Красногубов впервые в жизни увидел свою мать навеселе. Заметив его недоуменный и немного укоризненный взгляд, она лукаво подмигнула ему.
– Где наша не пропадала? Давай, Василиса, проходи в дом! Будем на стол накрывать! Мой сынка, из армии вернулся!..
Она вдруг уронила лицо в шершавые ладони, и оно тотчас стало мокрым от нетрезвых, но счастливых слез истосковавшейся по сыну матери.
– Слава богу, целехонек вернулся!
Женщины быстренько застелили стол скатертью.
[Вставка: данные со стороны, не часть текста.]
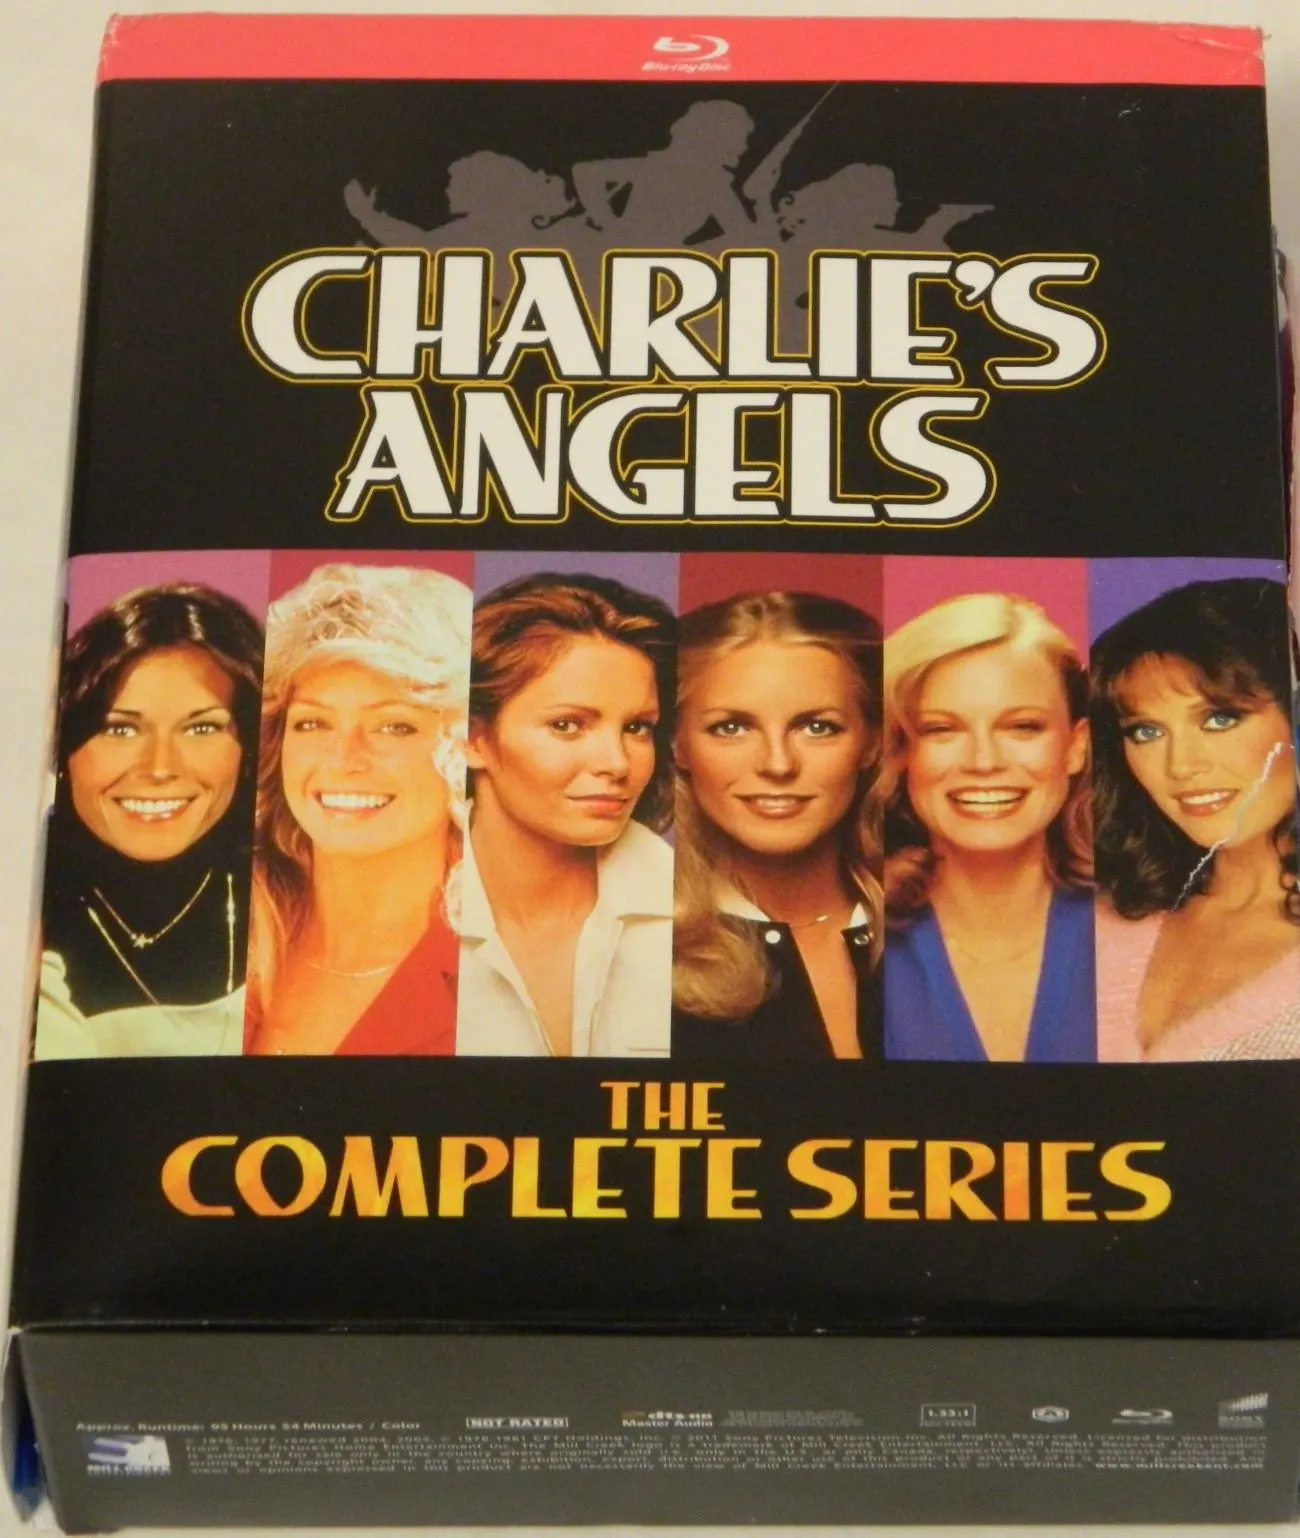 Charlie's Angels The Complete Series Blu-ray

Заставили его всевозможными закусками. Матрена Гурьевна слазила в подпол за бутылью с самогоном.
– Специально для встречи с Витенькой нагнала! – как бы, между прочим, сообщила она, водрузив двухлитровую бутыль с мутной жидкостью посреди овощных салатов, чаш со свиными котлетами и тефтелями с рисом… Для чугунного котелка с вареным картофелем и ломтей духового хлеба так же нашлось свое место…
– Ну, сынок, налявай!
И Осиповна, взяв пустой граненый стакан, со стуком снова поставила его на стол, но поближе к Виктору, чтобы он наполнил его до краев. Красногубов, не спеша, разлил самогон, не пролив ни капли, но так, что каждому получилось по полной мере. Мутная тягучая жидкость распространяла сильный хмельной дух, от которого щекотало в носу, и брал чих. Приближался полдень, и осенний солнечный луч глянул в окно. Он осветил лица людей, и, преломившись в бутыли с самогоном, заискрился сотнями огней.
– За тебя, сынок! – торжественно провозгласила Осиповна. – За твою святу кровь, которой ты не пожалел для Родины!
Гостья встала из-за стола и залпом осушила свой стакан. Из вежливости ее примеру последовали остальные. Снова усевшись поудобнее, они принялись сперва за салаты… Но вскоре очередь дошла и до прочей снеди… Выпивка заметно оживило застолье. Женщины заговорили о хозяйстве, о том, как тяжело приходится с комбикормами, и что содержать на подворье скотину не стало никаких сил.
– Ну, тебе-то, Осиповна, грех жаловаться! – нарочно похваливала Матрена Гурьевна свою соседку. – Твой Ерема вона, как в гору попер!
– Да, что мы все – про свиней, да кур!
И нетерпеливая фермерша с любопытством посмотрела на Виктора.
– Пусть твой сокол лучшее про себя расскажет?
– А – что, рассказывать-то?
Красногубов равнодушно пожал плечами.
– Ну, например, про свои ранения?
Но солдат лишь недоуменно развел огромными руками.
– Да, нечего рассказывать!
– Как, так – нечего? – не унималась гостья. – Если это – государственна тайна, так и не сказывай! Я не обижусь!
Виктор наполнил стаканы в который раз.
– А давайте выпьем за встречу! – неожиданно предложила Василиса.
– И – то, верно! – поддержала Матрена Гурьевна новый тост.
Но уже изрядно захмелевшая Осиповна сделала протестующий жест рукой.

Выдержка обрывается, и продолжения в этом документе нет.